DATA.
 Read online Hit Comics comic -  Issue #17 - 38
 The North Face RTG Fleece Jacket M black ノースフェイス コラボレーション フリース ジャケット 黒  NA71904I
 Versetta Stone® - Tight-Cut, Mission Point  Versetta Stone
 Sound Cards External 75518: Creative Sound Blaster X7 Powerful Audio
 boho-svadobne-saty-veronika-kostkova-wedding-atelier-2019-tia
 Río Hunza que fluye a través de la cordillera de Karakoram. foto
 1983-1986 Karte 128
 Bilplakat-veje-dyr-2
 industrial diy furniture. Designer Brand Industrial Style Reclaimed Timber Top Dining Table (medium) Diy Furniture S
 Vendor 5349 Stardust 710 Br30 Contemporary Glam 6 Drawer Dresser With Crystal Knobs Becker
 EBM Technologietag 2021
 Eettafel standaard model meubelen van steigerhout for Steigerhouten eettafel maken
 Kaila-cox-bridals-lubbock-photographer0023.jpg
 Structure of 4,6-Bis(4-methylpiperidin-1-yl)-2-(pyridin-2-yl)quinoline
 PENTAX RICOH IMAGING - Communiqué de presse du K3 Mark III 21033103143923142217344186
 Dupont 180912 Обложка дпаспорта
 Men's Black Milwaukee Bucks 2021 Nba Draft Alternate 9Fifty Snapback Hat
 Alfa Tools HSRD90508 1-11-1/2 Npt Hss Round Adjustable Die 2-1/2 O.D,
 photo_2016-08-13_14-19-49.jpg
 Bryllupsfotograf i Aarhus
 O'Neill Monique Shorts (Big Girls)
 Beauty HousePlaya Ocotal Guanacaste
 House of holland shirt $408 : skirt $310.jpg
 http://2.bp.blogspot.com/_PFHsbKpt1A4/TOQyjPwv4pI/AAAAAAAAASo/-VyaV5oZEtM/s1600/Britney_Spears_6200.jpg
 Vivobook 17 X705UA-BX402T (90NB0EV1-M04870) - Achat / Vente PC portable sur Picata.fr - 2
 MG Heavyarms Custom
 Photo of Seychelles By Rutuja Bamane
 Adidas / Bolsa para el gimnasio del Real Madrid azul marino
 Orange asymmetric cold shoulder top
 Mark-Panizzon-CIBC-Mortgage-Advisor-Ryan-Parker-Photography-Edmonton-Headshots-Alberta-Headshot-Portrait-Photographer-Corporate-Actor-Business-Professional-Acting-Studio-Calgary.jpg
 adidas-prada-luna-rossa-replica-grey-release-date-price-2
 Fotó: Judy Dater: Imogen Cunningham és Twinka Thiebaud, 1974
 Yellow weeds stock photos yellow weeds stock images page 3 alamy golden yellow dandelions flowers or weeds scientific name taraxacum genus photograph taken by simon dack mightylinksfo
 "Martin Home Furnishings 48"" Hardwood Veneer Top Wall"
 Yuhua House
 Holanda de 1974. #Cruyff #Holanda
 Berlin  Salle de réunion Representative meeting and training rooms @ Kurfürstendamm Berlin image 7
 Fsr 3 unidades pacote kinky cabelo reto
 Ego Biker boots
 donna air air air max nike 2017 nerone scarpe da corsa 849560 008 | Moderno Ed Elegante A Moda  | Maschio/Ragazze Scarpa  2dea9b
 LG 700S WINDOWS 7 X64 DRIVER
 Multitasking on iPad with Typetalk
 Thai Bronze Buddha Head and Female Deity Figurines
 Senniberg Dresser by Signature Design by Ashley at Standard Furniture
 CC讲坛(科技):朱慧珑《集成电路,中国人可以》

EXERCISE DIRECTIONS.
Print, from the entries above, the line with "Men's Black Milwaukee", the line with "Thai Bronze Buddha" and all lines between them, exactly and with nothing else.

WRITTEN ANSWER.
 Men's Black Milwaukee Bucks 2021 Nba Draft Alternate 9Fifty Snapback Hat
 Alfa Tools HSRD90508 1-11-1/2 Npt Hss Round Adjustable Die 2-1/2 O.D,
 photo_2016-08-13_14-19-49.jpg
 Bryllupsfotograf i Aarhus
 O'Neill Monique Shorts (Big Girls)
 Beauty HousePlaya Ocotal Guanacaste
 House of holland shirt $408 : skirt $310.jpg
 http://2.bp.blogspot.com/_PFHsbKpt1A4/TOQyjPwv4pI/AAAAAAAAASo/-VyaV5oZEtM/s1600/Britney_Spears_6200.jpg
 Vivobook 17 X705UA-BX402T (90NB0EV1-M04870) - Achat / Vente PC portable sur Picata.fr - 2
 MG Heavyarms Custom
 Photo of Seychelles By Rutuja Bamane
 Adidas / Bolsa para el gimnasio del Real Madrid azul marino
 Orange asymmetric cold shoulder top
 Mark-Panizzon-CIBC-Mortgage-Advisor-Ryan-Parker-Photography-Edmonton-Headshots-Alberta-Headshot-Portrait-Photographer-Corporate-Actor-Business-Professional-Acting-Studio-Calgary.jpg
 adidas-prada-luna-rossa-replica-grey-release-date-price-2
 Fotó: Judy Dater: Imogen Cunningham és Twinka Thiebaud, 1974
 Yellow weeds stock photos yellow weeds stock images page 3 alamy golden yellow dandelions flowers or weeds scientific name taraxacum genus photograph taken by simon dack mightylinksfo
 "Martin Home Furnishings 48"" Hardwood Veneer Top Wall"
 Yuhua House
 Holanda de 1974. #Cruyff #Holanda
 Berlin  Salle de réunion Representative meeting and training rooms @ Kurfürstendamm Berlin image 7
 Fsr 3 unidades pacote kinky cabelo reto
 Ego Biker boots
 donna air air air max nike 2017 nerone scarpe da corsa 849560 008 | Moderno Ed Elegante A Moda  | Maschio/Ragazze Scarpa  2dea9b
 LG 700S WINDOWS 7 X64 DRIVER
 Multitasking on iPad with Typetalk
 Thai Bronze Buddha Head and Female Deity Figurines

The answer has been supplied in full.